Je repensais aussitôt à ma propre enfance et au Roi du Nord, si dur et si strict, qui avait fait de nous tous des soldats alors que nous n’avions pas encore appris à lire ou à compter correctement. Ces entraînements physiques au-delà du supportable, petits garçons le nez dans la boue, battus à coups de ceps et engueulés avant d’aller nettoyer les écuries, forcés de porter mailles et casques avant d’apprendre à se tenir correctement à table. Je secouais ces vieux souvenirs, douloureux par la présence de mes frères tous décédés aujourd’hui.


| Tu leur apprendras à dessiner. | concluais-je, essayant de reprendre mes esprits


Je cachais ces vieux démons sous la gloutonnerie, attaquant le morceau de pain durci et grésillant avec le fromage à moitié coulé dessus. Rhaenys en tout cas, saisit l’appât que je lui tends. Elle me détaille. Et je réagis physiquement, même si j’aurais préféré que l’Empereur soit plus digne et plus maître de lui, le peu de tissu qui couvrait ma femme et le désir naturel du matin et de l’intimité se réveillaient toujours bien vite.


| Auriez-vous oublié ma dame, le Loup qui dort sur votre couche chaque nuit ? Ces prédateurs ont quelques appétits qu’il faut contenter, si l’on ne veut pas qu’ils aillent saigner quelques moutons. |


Je coupe un autre cube de fromage et le pousse de la lame en direction d’Ebryon, qui se fait de plus en plus à ma présence. Mais je ne suis pas fou ; il me tolère et m’accepte, mais ne me donne pas tout le crédit que j’aurais souhaité. C’est un reptile. Le loup lui, est animal de sang chaud, un mammifère. Nous ne saurions pas être plus différents, mais c’était ce monstre de la taille d’un chat que monteraient dans vingt ans nos enfants pour la guerre et la sécurité de l’Empire que nous forgions dans l’ardent creuset de la guerre. Je lâche un « ah » rieur, moqueur et surtout, faussement jaloux.


| Cruelle que tu es, moi qui me tue pour t’épargner quelque horrible tâche, gourmande en temps comme en énergie alors que ce que je te permets de conserver, tu le dépenses avec d’autres ! |


Je me rapproche, après m’être levé. La rejoint dans le lit, sur lequel je me laisse tomber en sautant à moitié sur le côté. Je l’attrape, la serre, la chatouille pour la coucher.

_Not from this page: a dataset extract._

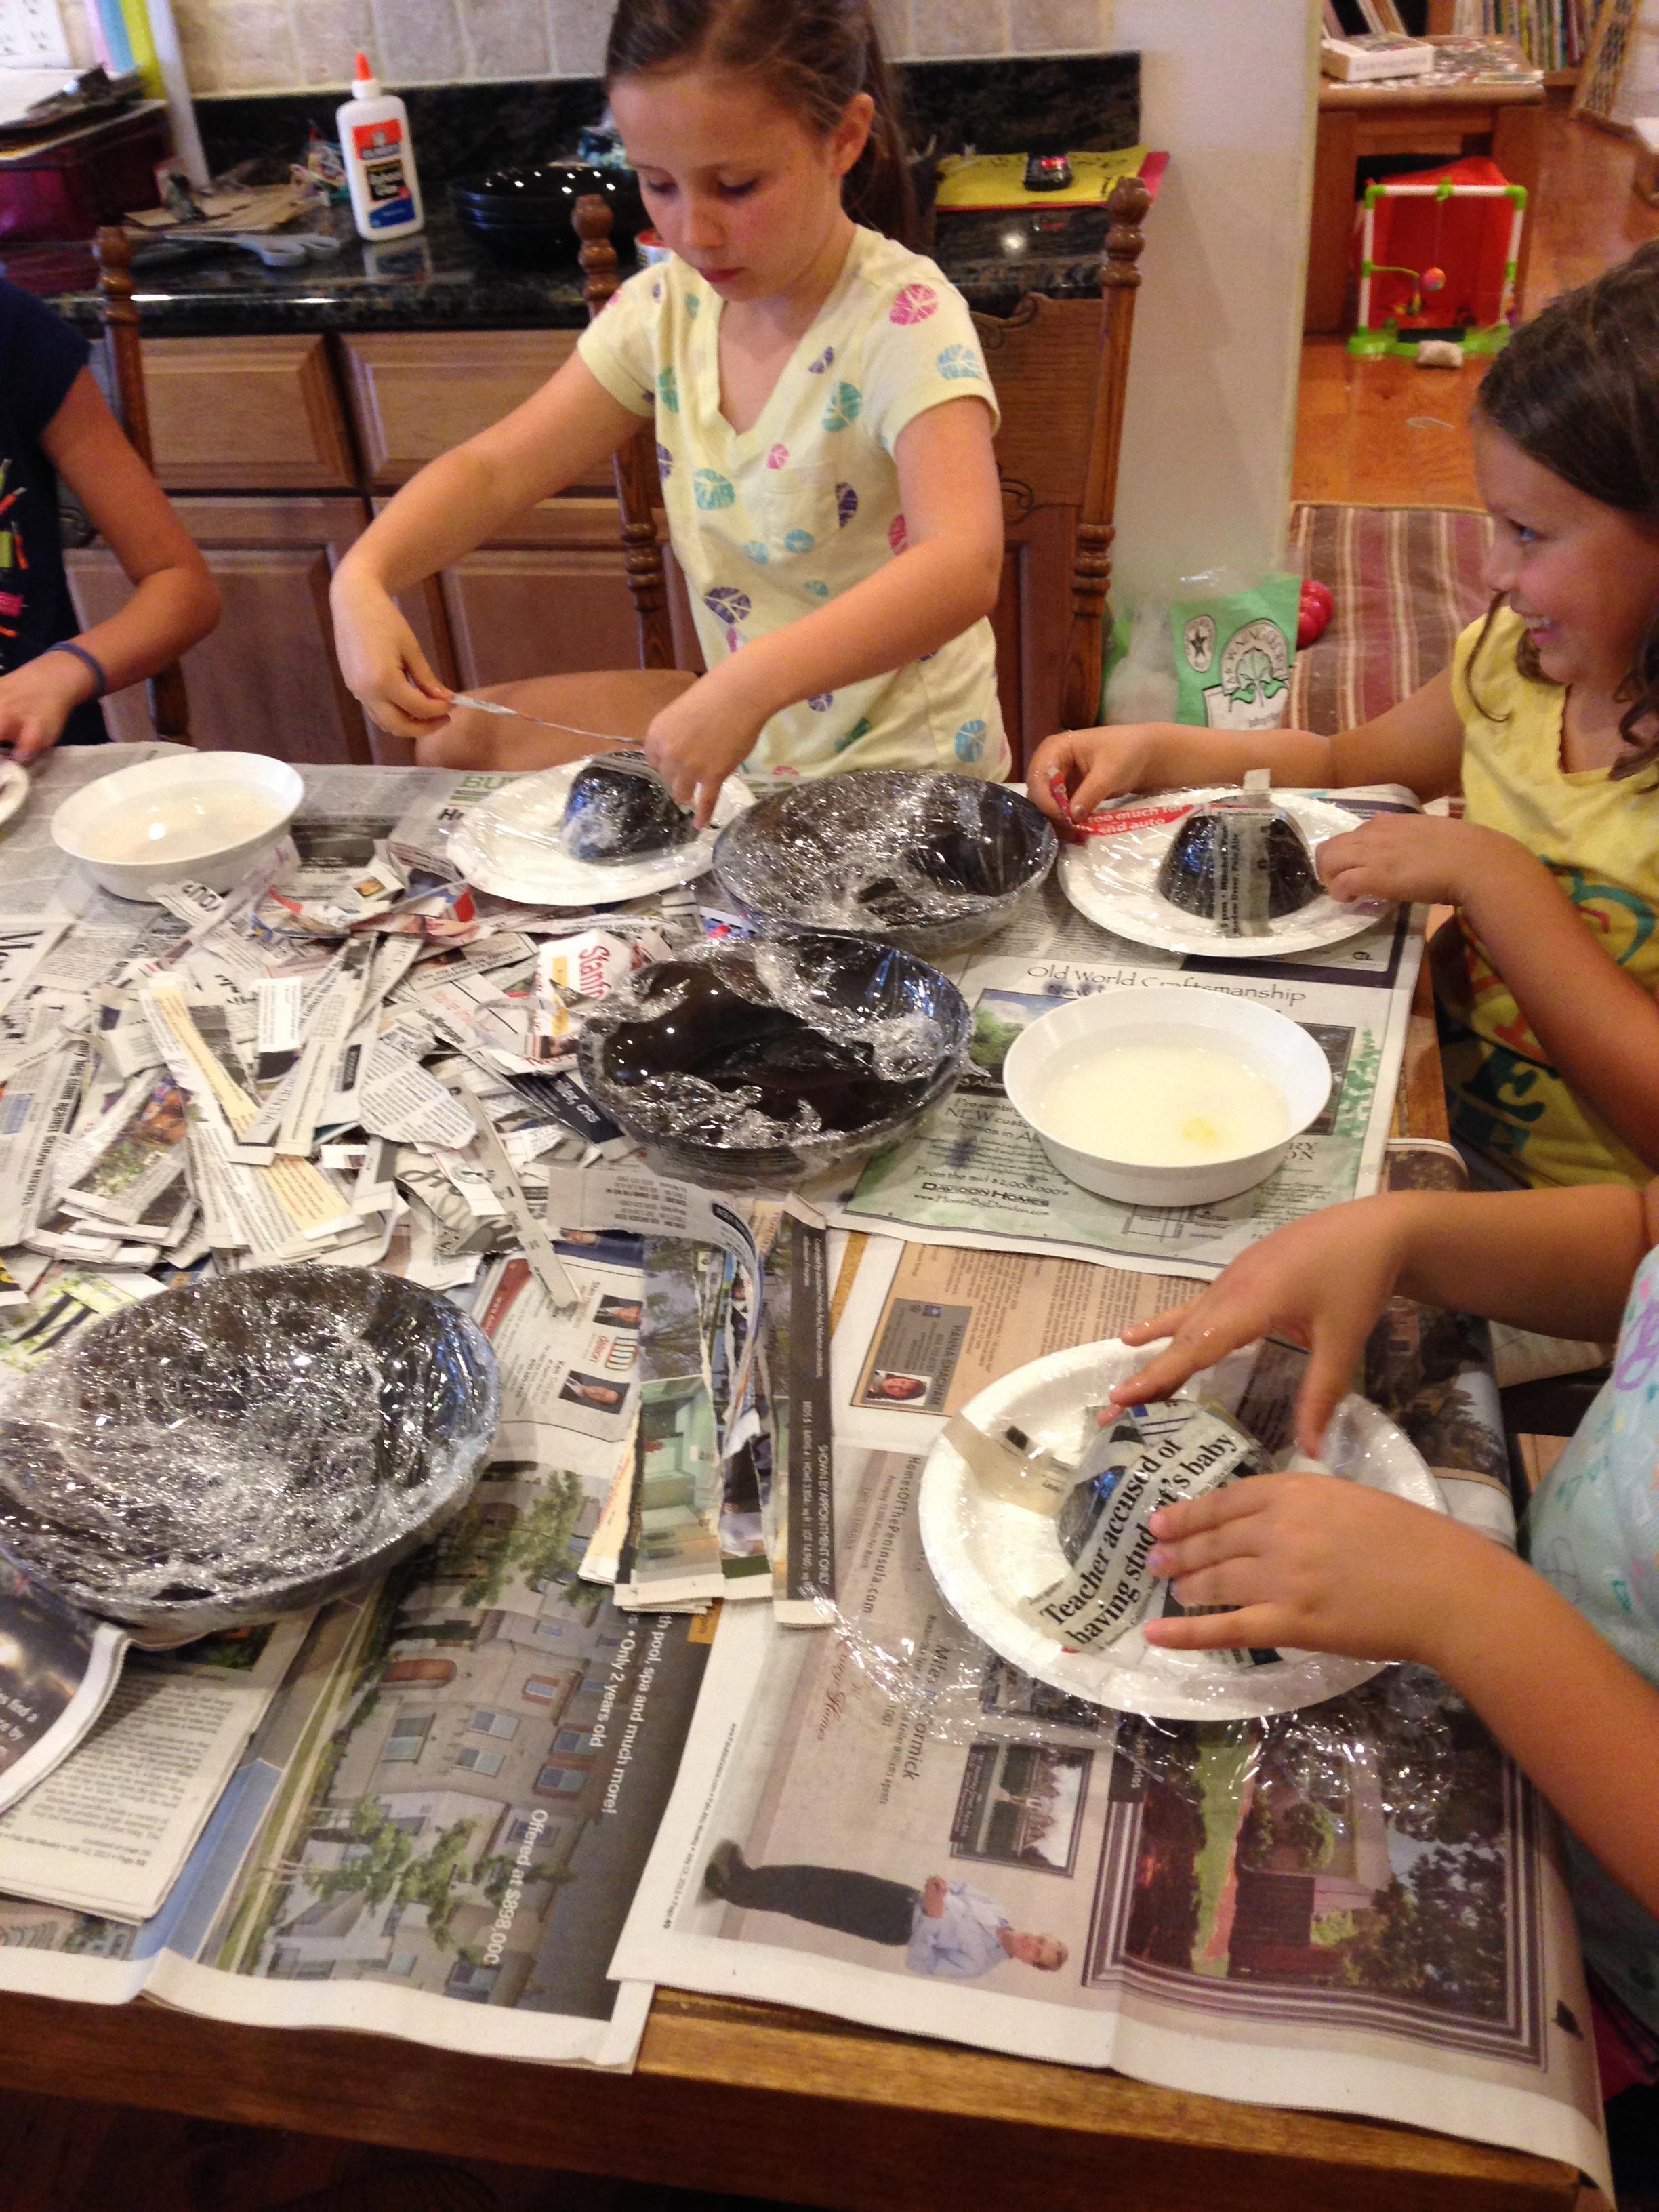 Beginnings of 3D paper mache creations

| Je devrais t’épuiser, tu n’aurais plus rien à lui donner, à ce misérable qui trahit son Empereur. |


Je l’embrasse avec fougue et passion jusqu’à en perdre haleine. Les cheveux poivre et sel en bataille, je me recule de ses lèvres, rieur.


| Devais-je prendre quelque maîtresse, moi aussi ? Quelque comtesse du Conflans ou de l’Orage, beautés du sud que je ne connais pas et qui sauraient s’occuper d’un vieil homme tel que moi. |


Je glisse ma main contre et entre ses cuisses, que je flatte.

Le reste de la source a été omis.